Wolters Kluwer Survey: 62% of In-House Lawyers Expect AI to Significantly Reduce Billable Hour
The 2026 Wolters Kluwer Future Ready Lawyer Survey found that 62% of legal department respondents believe AI-driven efficiencies will significantly reduce the prevalence of the billable hour — with 57% of law firm respondents agreeing.

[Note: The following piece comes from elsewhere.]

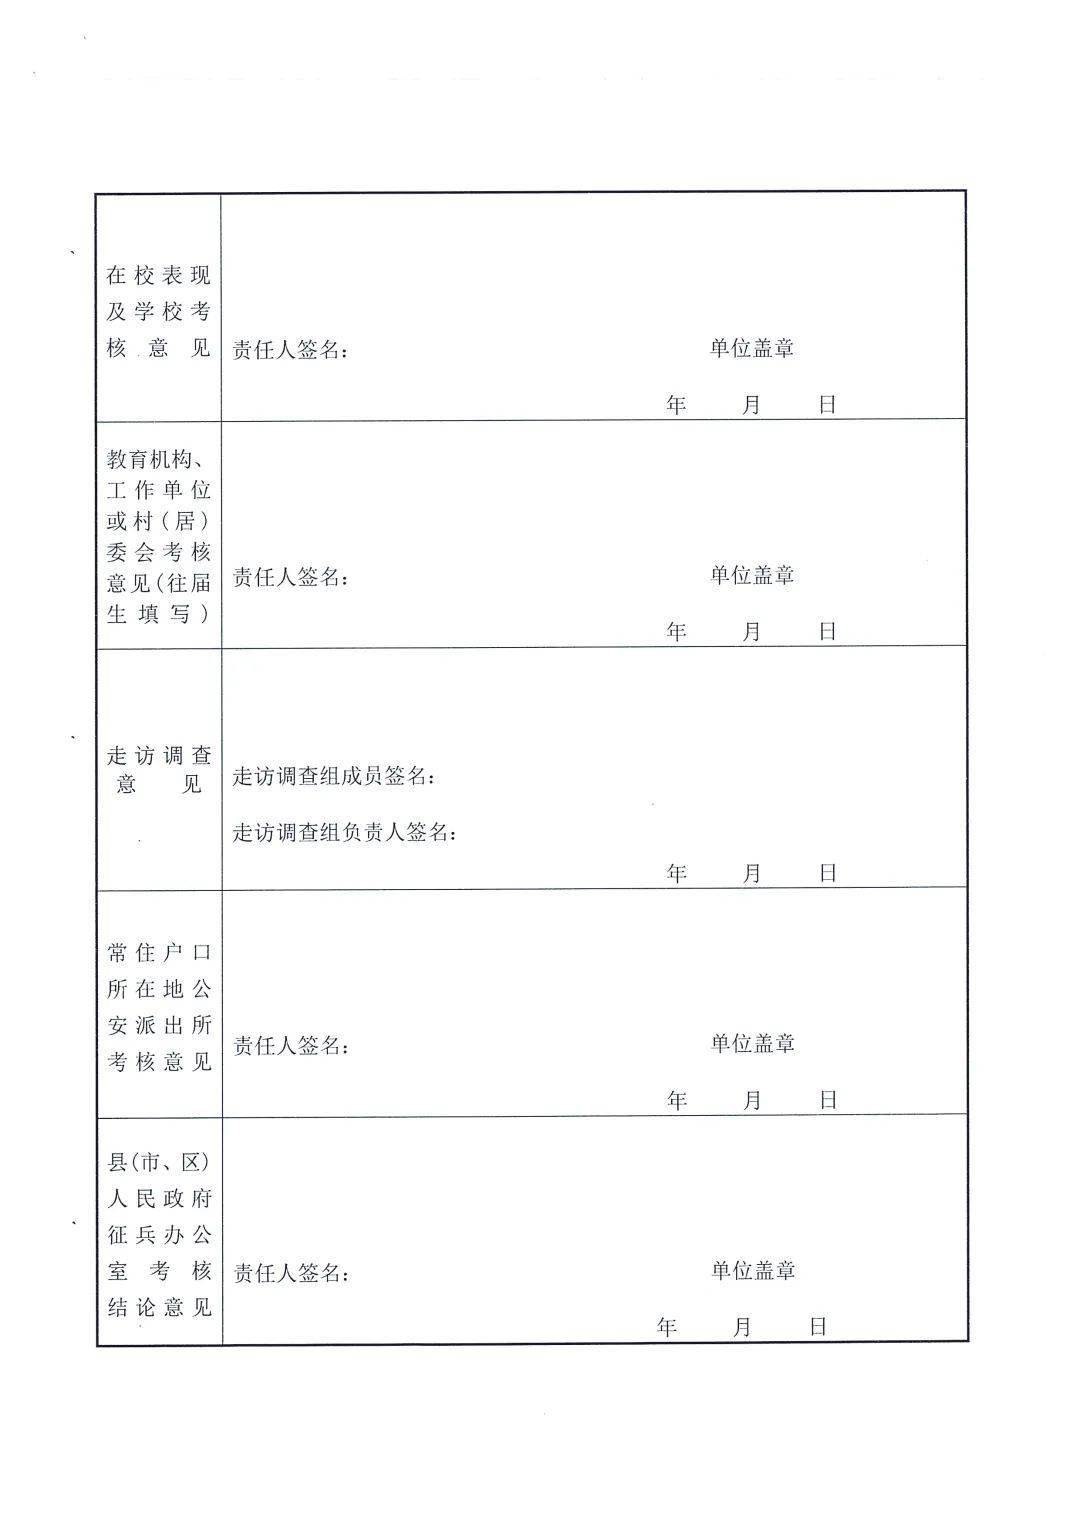 7月20日起政审 贵州军队院校招生政治考核工作要求发布
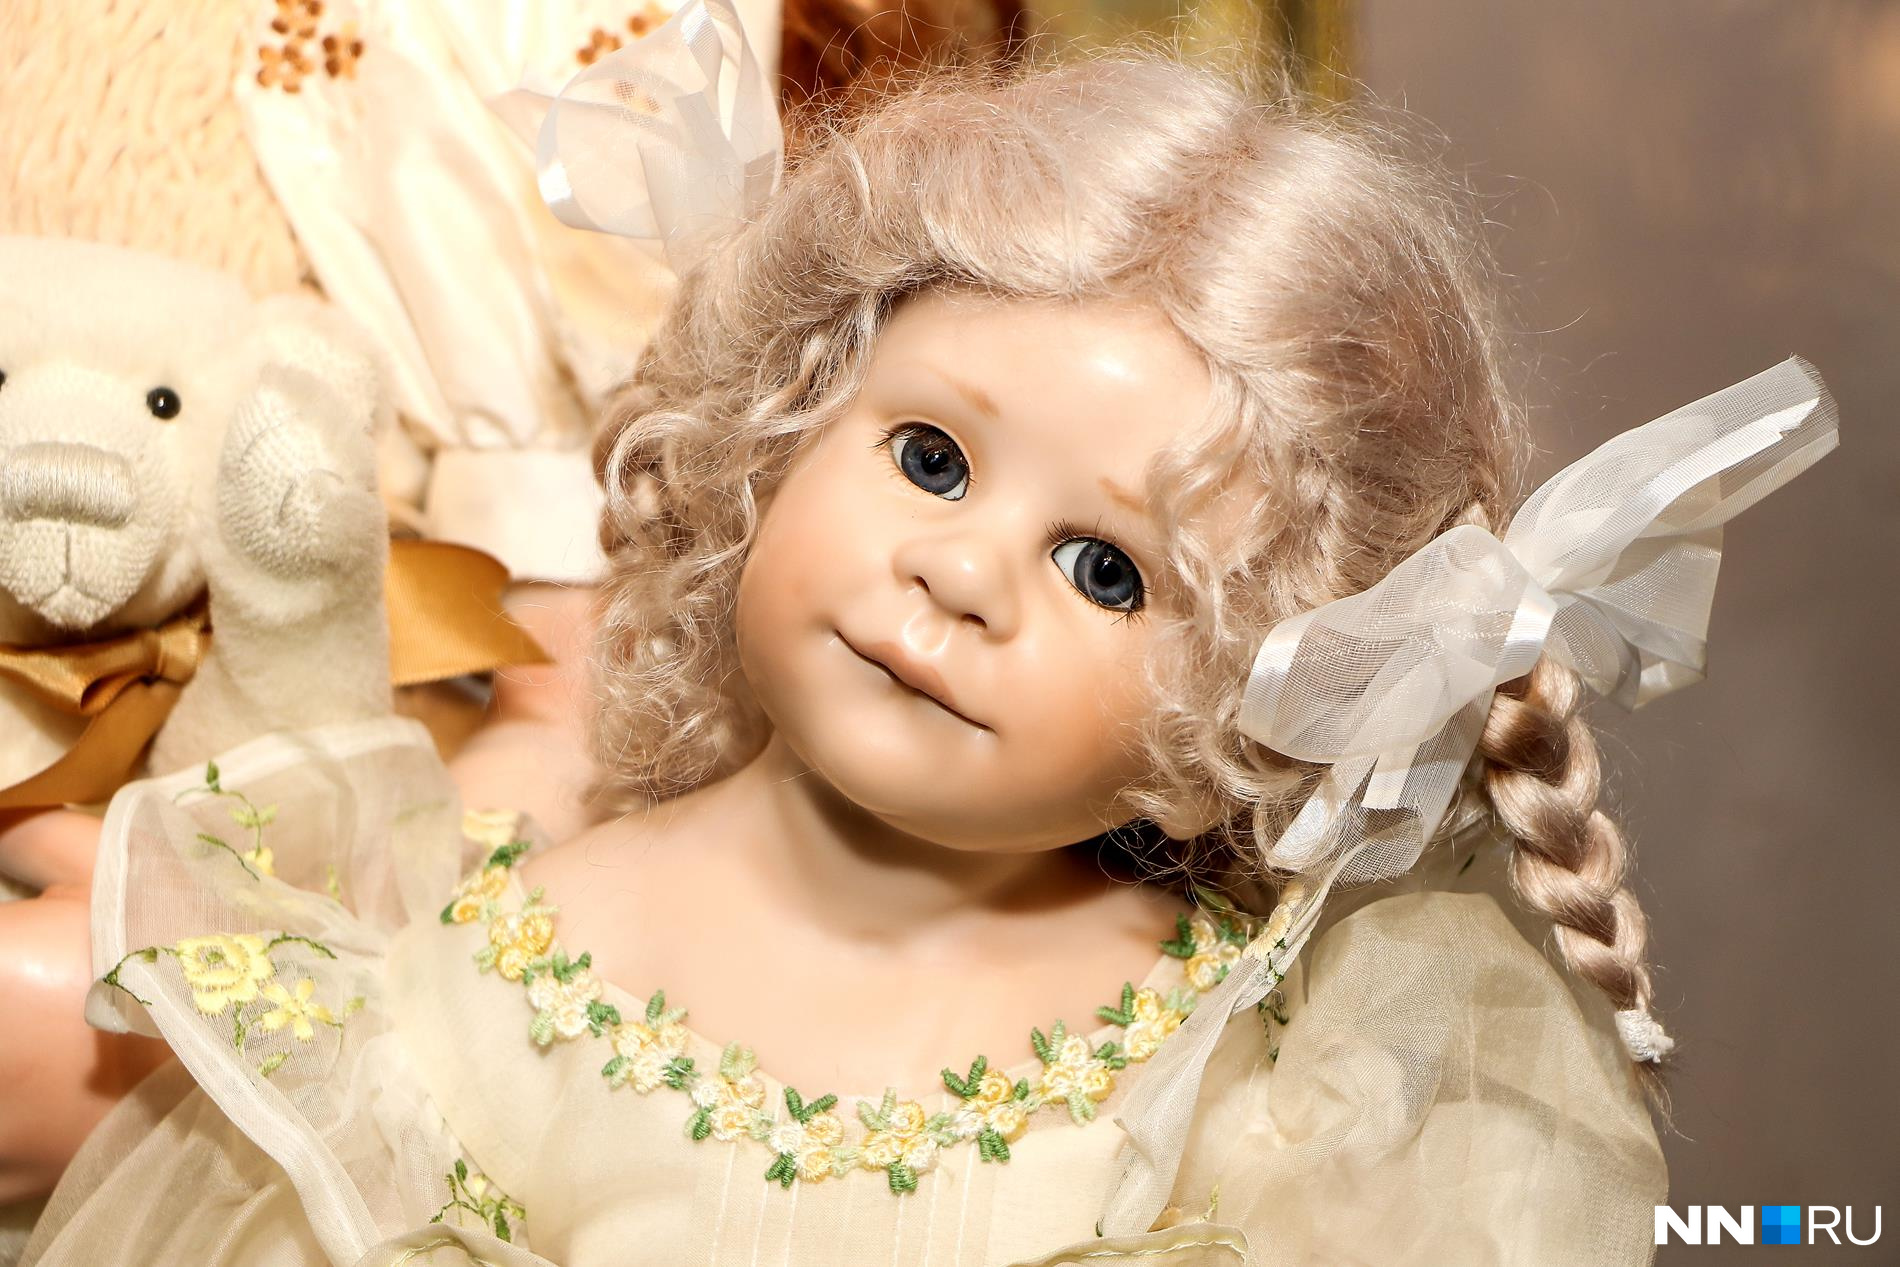 Нижний Новгород музей кукол Ольги Лобачевой. Галерея кукол Нижний Новгород. Отчего сегодня куклы

BY FRONTIER DESK · JUNE 1, 2026 · 1 MIN READ
The 2026 Wolters Kluwer Future Ready Lawyer Survey found that 62% of legal department respondents believe AI-driven efficiencies will significantly reduce the prevalence of the billable hour — with 57% of law firm respondents agreeing. The survey found 52% of organizations report additional revenue since adopting AI, and 51% believe AI will accelerate outsourcing of routine work to ALSPs. Meanwhile 60% of respondents report 6–20% time savings per week. The "efficiency trap" identified by commentators — AI delivering speed but firms measuring value by output rather than outcomes — is framed as the central tension for new-law business model design. Thomson Reuters Institute's own internal transformation programme (GCO 2030) is being run as a live research experiment, co-documented with Thomson Reuters' General Counsel's office, providing a rare inside-out case study.